The optimal algorithm has O(n) complexity.
This picture may help understand why it is O(n) https://stackoverflow.com/a/54972825

On my phone; lost a better answer, so this stupidly-short answer will have to do for now.

Ignore that Geeks-for-Geeks stuff; they regularly present garbage for fact. Plus, you have misread it anyway, but honestly, I dont blame you for being confused by them.

Heapsort IS asymptotically tight, both on the upper AND lower bounds, and is one of the best-performing sorts available.

The entire make-heap process (also called heapify) takes (n log n) time, because each sink/push-down (which you are calling heapify) takes (log n) [by definition of a binary tree] and you must perform n/2 sinks. Hence: n log n (remember, constants get dropped).

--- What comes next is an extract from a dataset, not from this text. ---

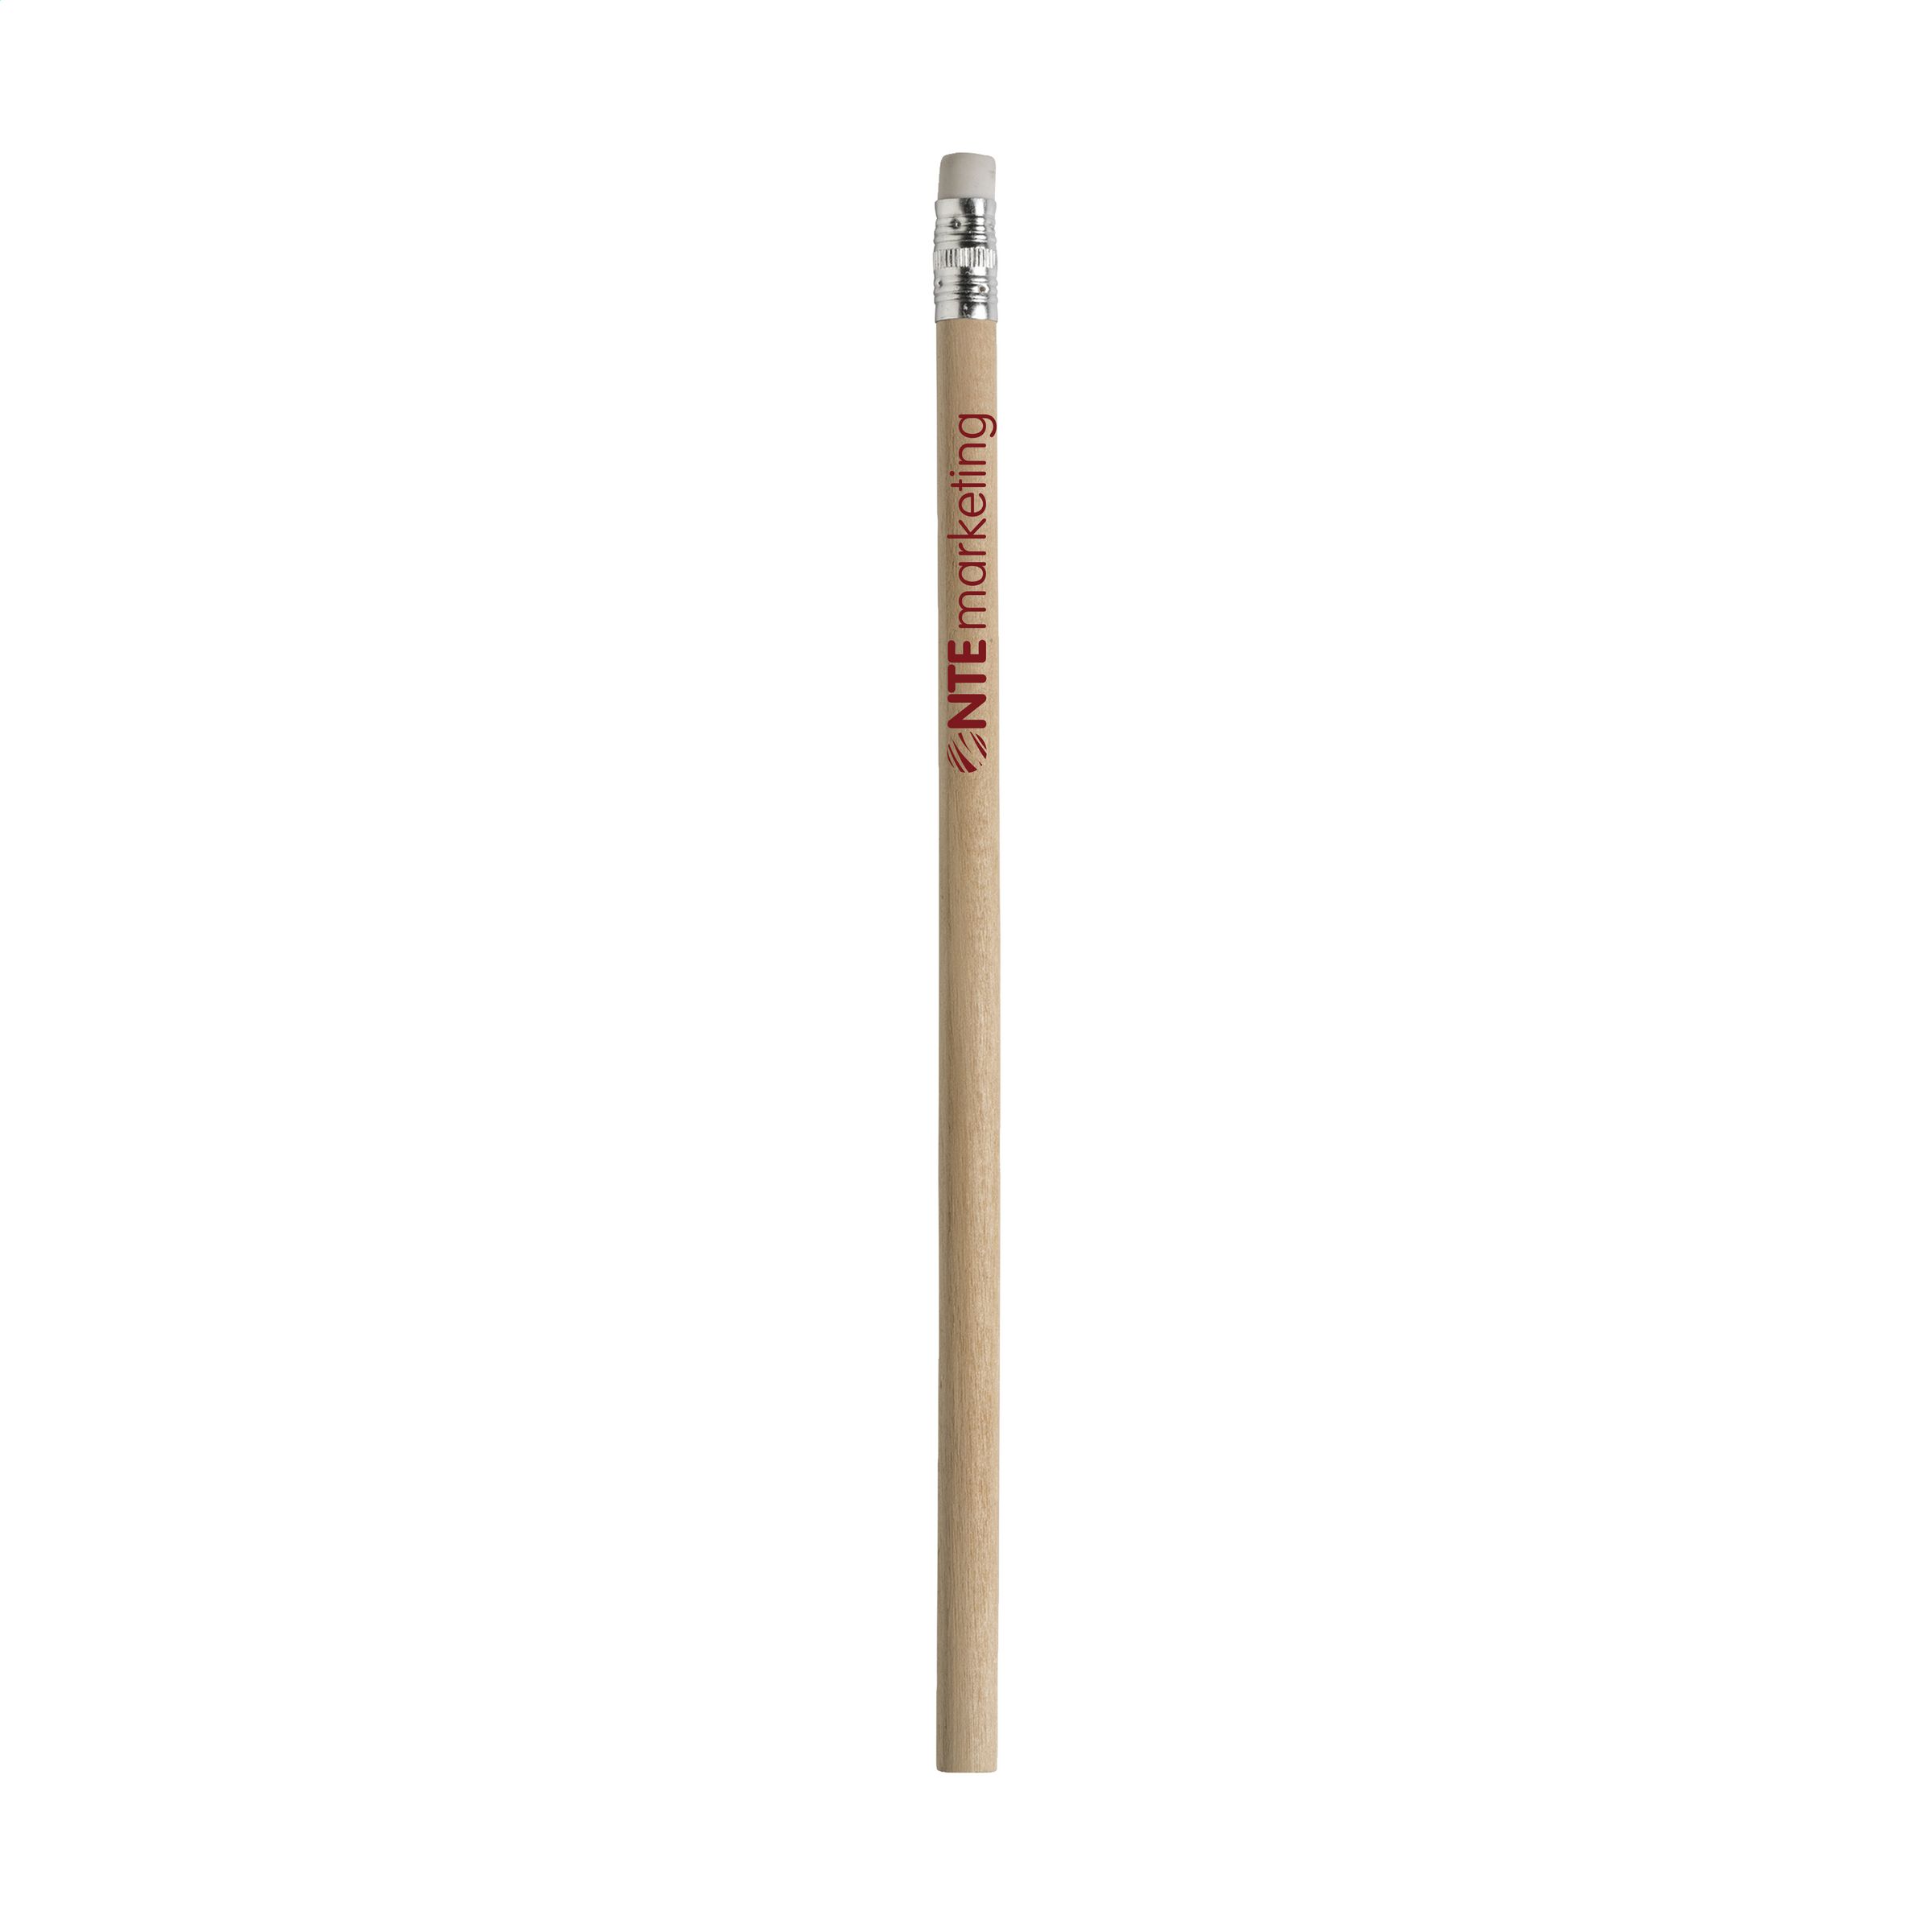 Crayon en bois non vernis HB non taillé avec gomme - Féchain - Zaprinta France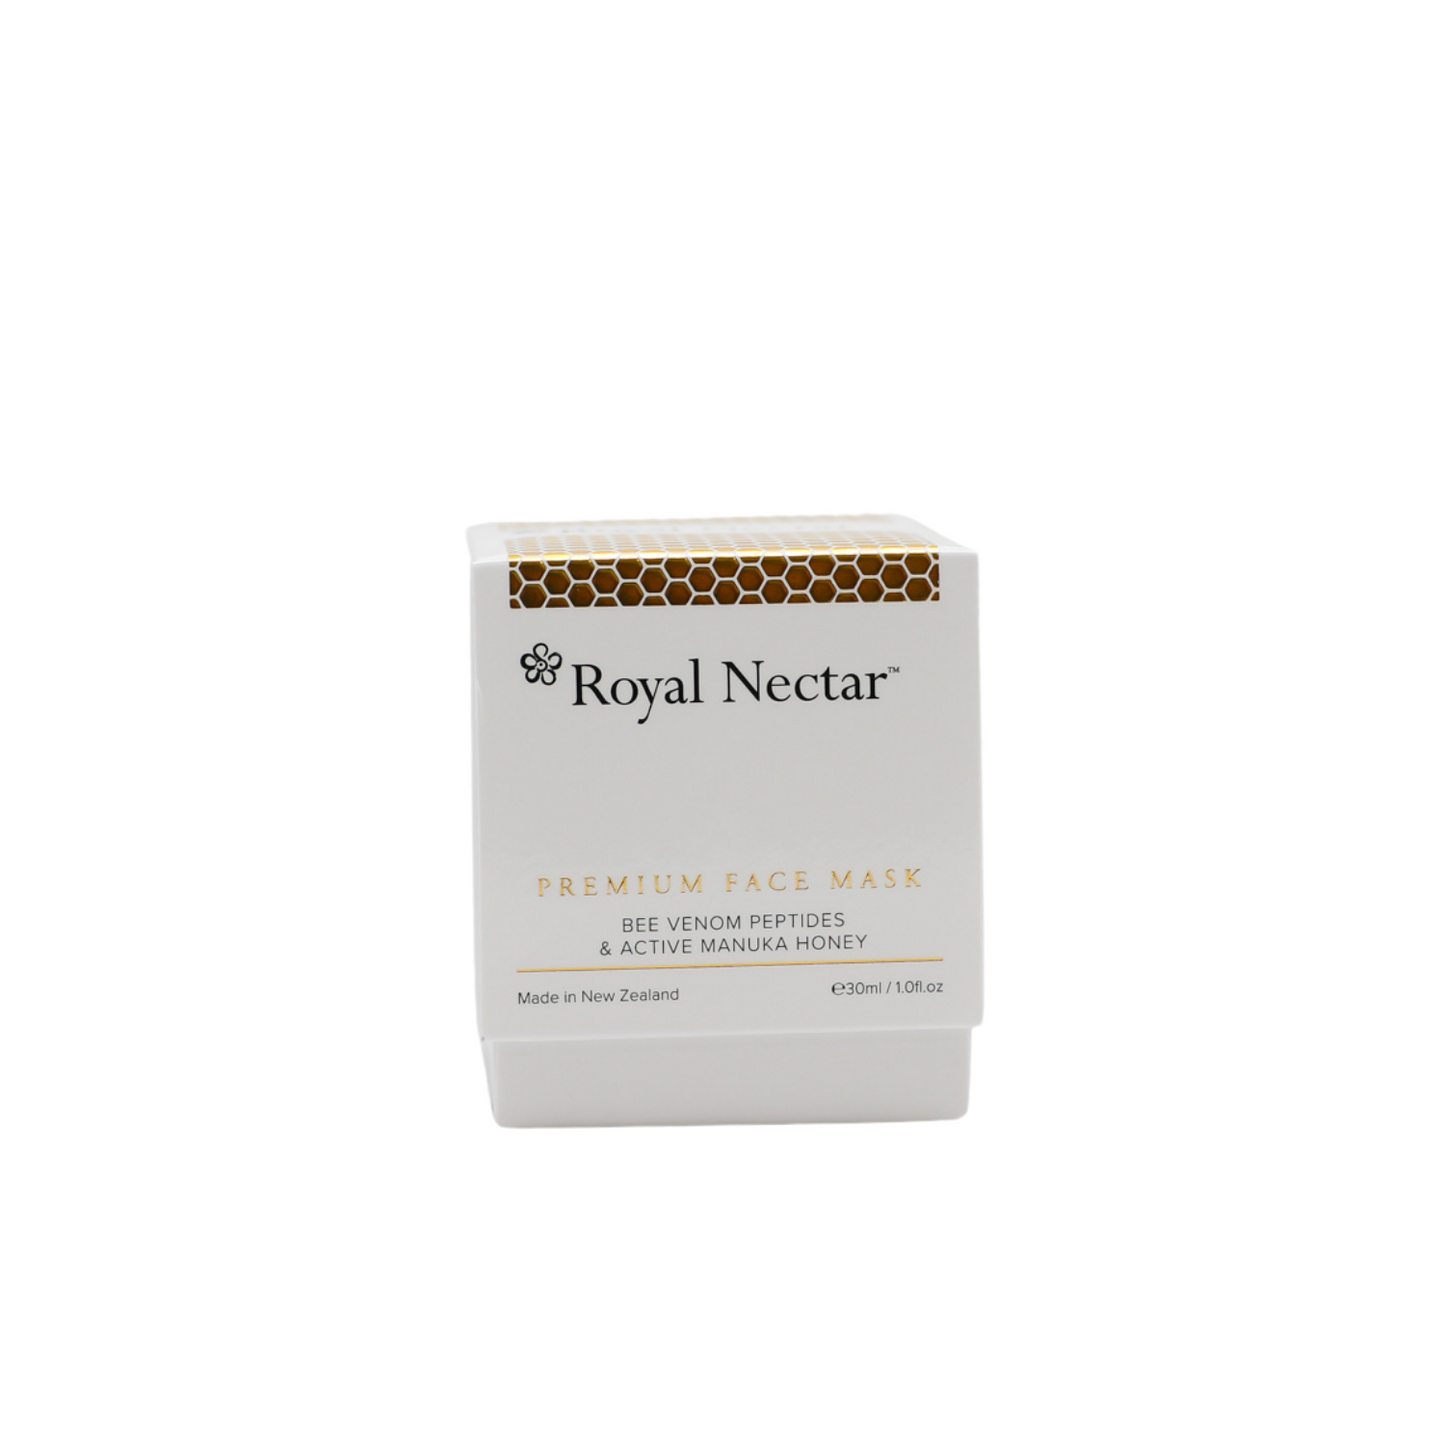 Royal Nectar Premium Face Mask

Once the heap is made, we must simply maintain it for each step in sorting. Again we perform n push-downs, making the sorting part n log n.

Together that is 2n log n, which asymptotically is just n log n (remember, ignore constants).

For more, like visuals (GIFs), google cplusplus.com FAQ heapsort.

Hope this helps.

Optimal make heap has O(n) complexity.

The C++ standard specifies that he complexity of std::make_heap is: "at most 3*(last-first) comparisons".
https://en.cppreference.com/w/cpp/algorithm/make_heap

a minor side note.. the 3 most common logs in our field are:
lg (base 2)
ln (base e)
log (base 10)

ignoring constants in big-O and general 'jargon/understanding' causes big-o to often have log used where lg is the actual power in question. many, many algorithms are tied to the power of 2 or the idea of cutting in half each iteration, etc. Its fine, but this is not usually explicitly stated as another case of ignoring the constant or well explained and logs are also not well taught anymore.

Yes, optimal make-heap is over a heap requiring no push-downs, leaving n/2 operations.

Once you pull the root node, however, you modify the tree to require put-downs. The sort is then

n n log n

Which is

n log n

Hope this does not confuse OP

Duthomhas wrote:
n n log n Which is n log n

I don't know about OP, but it is confusing me.
Did you mean n + n log n?

Yes, sorry, on phone, bard to type...

on phone, bard to type...

Accidental typo, or deliberate. Either way that was funny as all get-out. :)